**PROMPT:** Would you please transcribe the data in full and exactly, excluding images?
┌─ AVAILABLE DATA
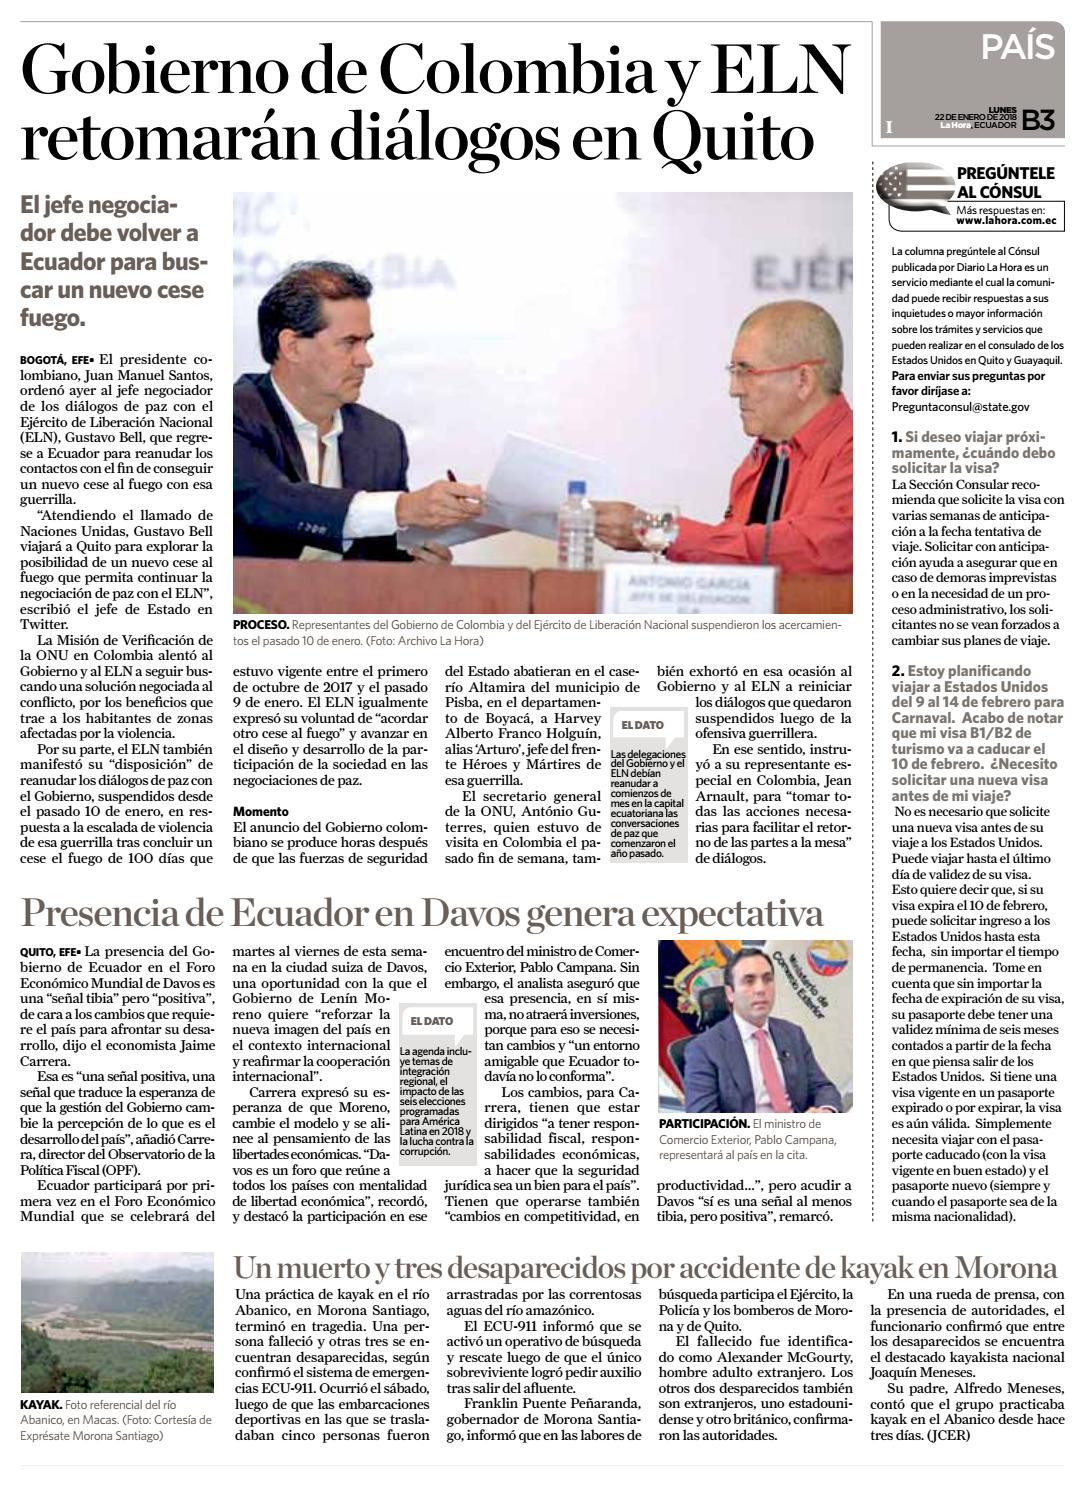 Diario La Hora Loja 22 de Enero 2018 by Diario La Hora Ecuador - issuu
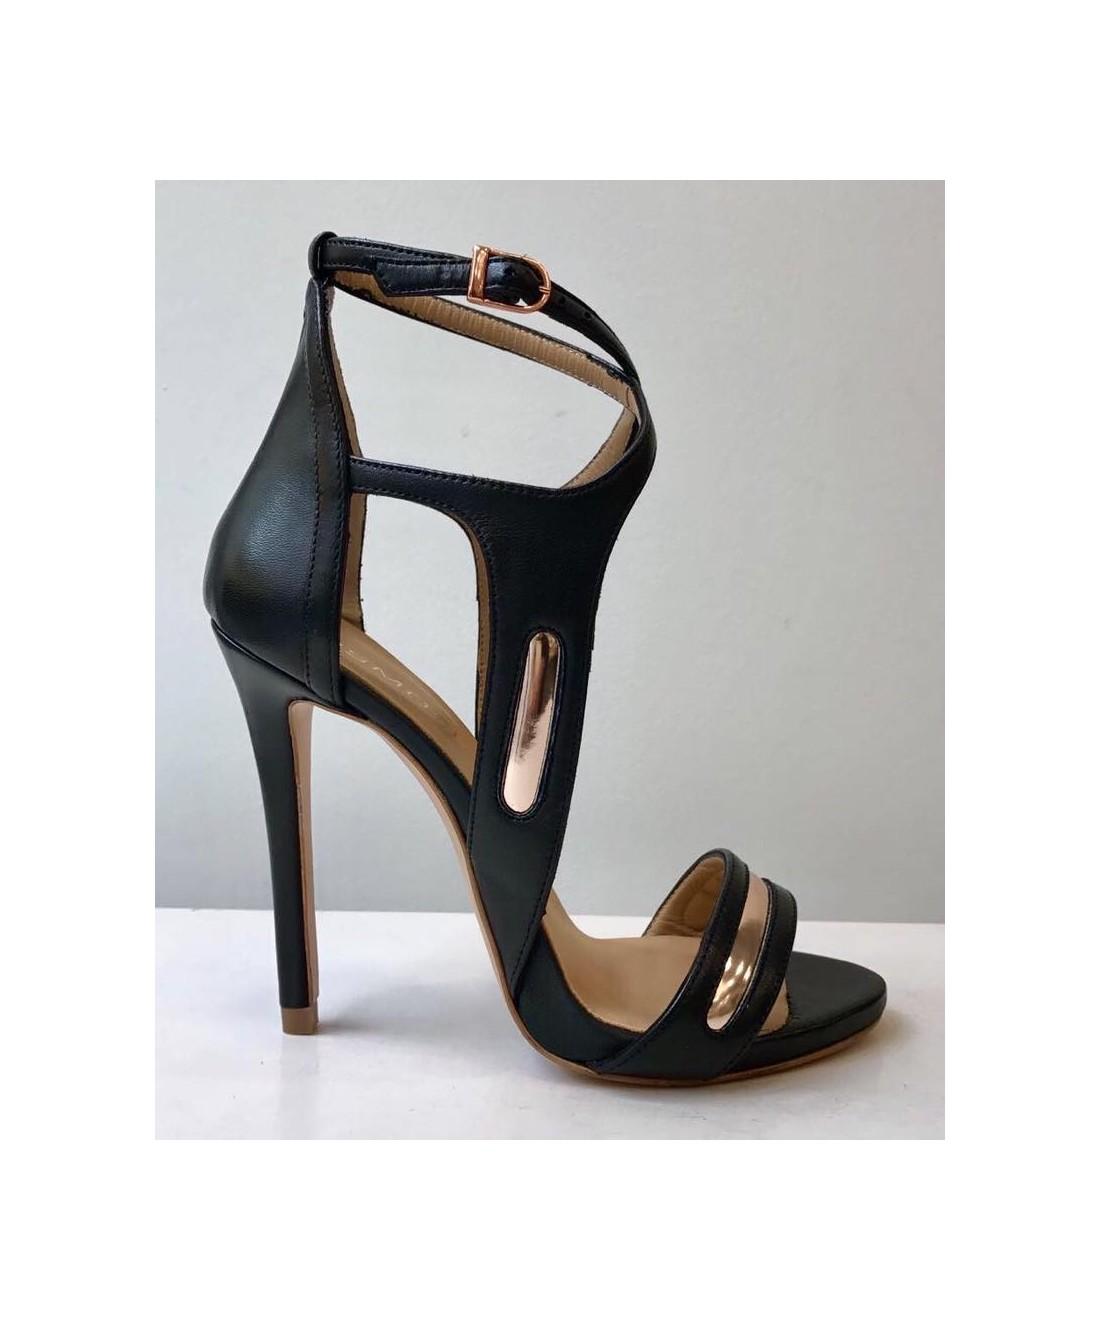 soyez ensorcelante en sandale cuir noir talon haut osmose couture. Black Bedroom Furniture Sets. Home Design Ideas
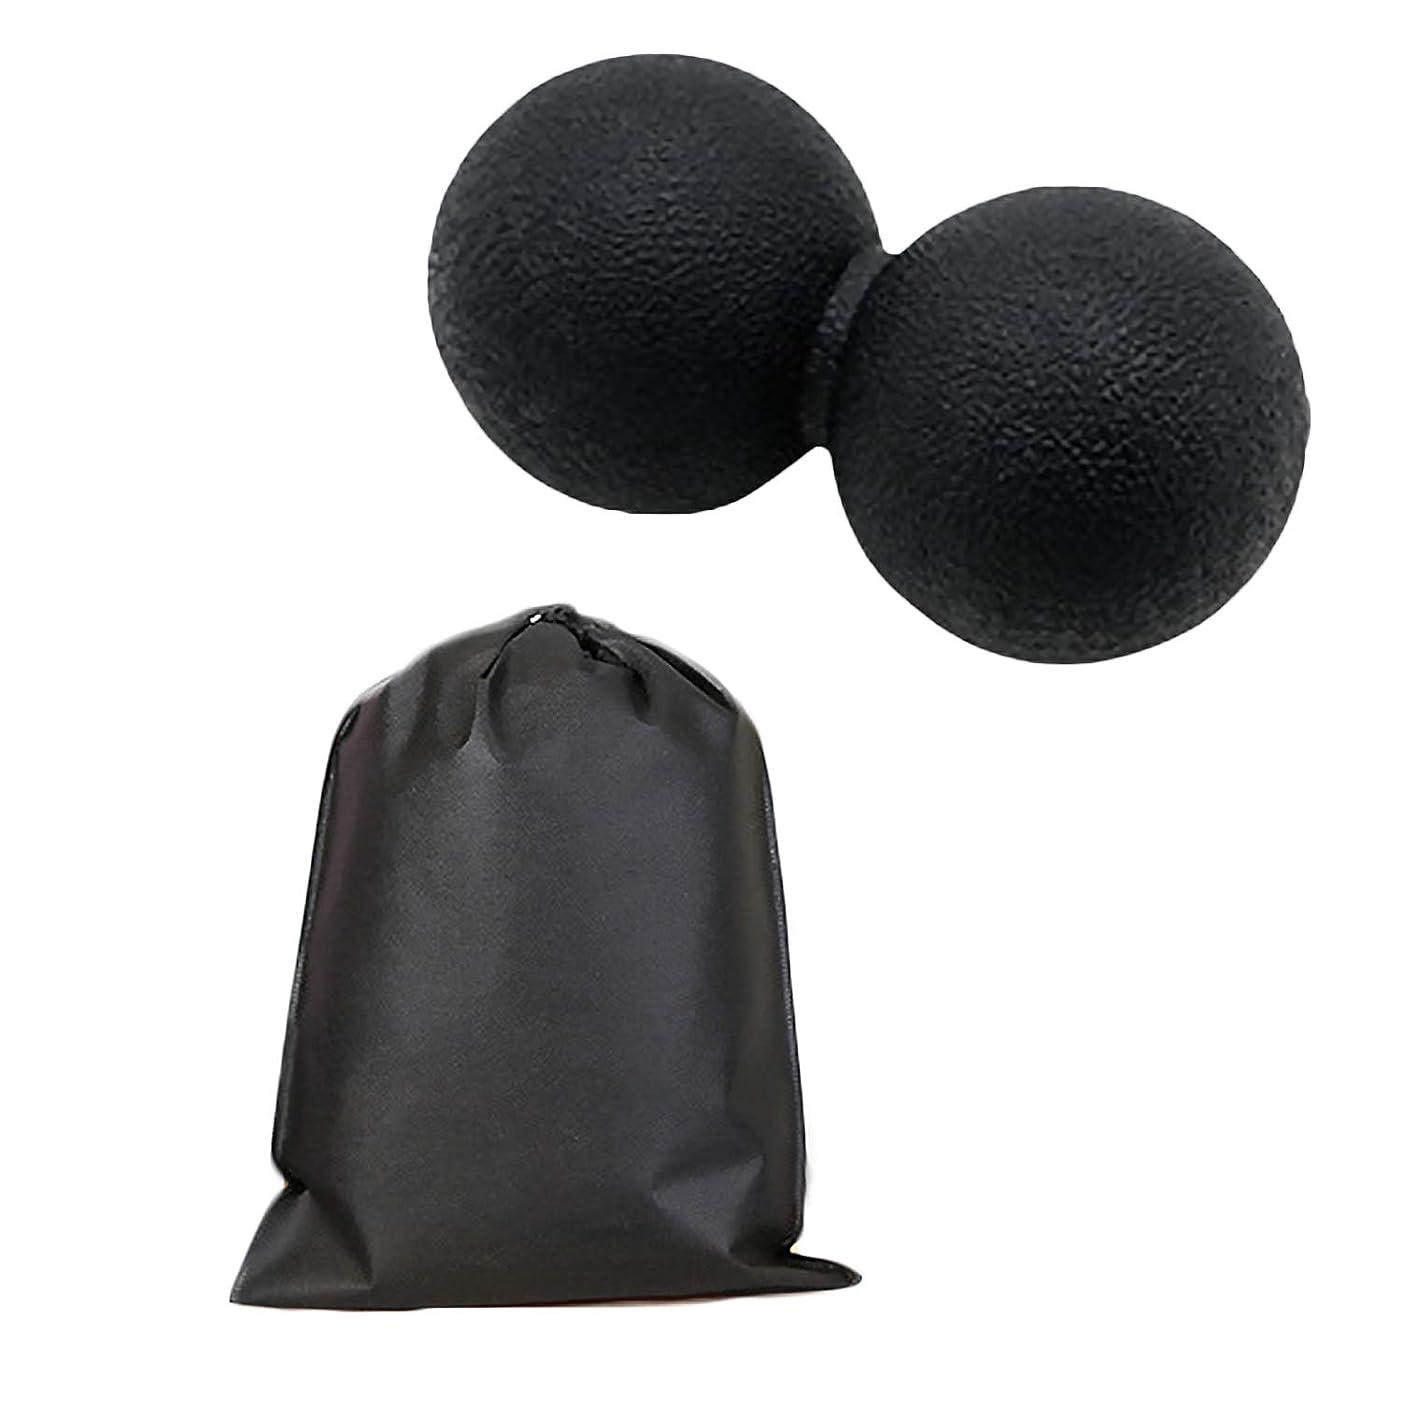 新聞課すマスクMigavan マッサージボールローラーバックマッサージボール収納袋が付いているピーナツマッサージのローラーボールのマッサージャー
└─
**ANSWER SECTION:**
 Diario La Hora Loja 22 de Enero 2018 by Diario La Hora Ecuador - issuu
 soyez ensorcelante en sandale cuir noir talon haut osmose couture. Black Bedroom Furniture Sets. Home Design Ideas
 新聞課すマスクMigavan マッサージボールローラーバックマッサージボール収納袋が付いているピーナツマッサージのローラーボールのマッサージャー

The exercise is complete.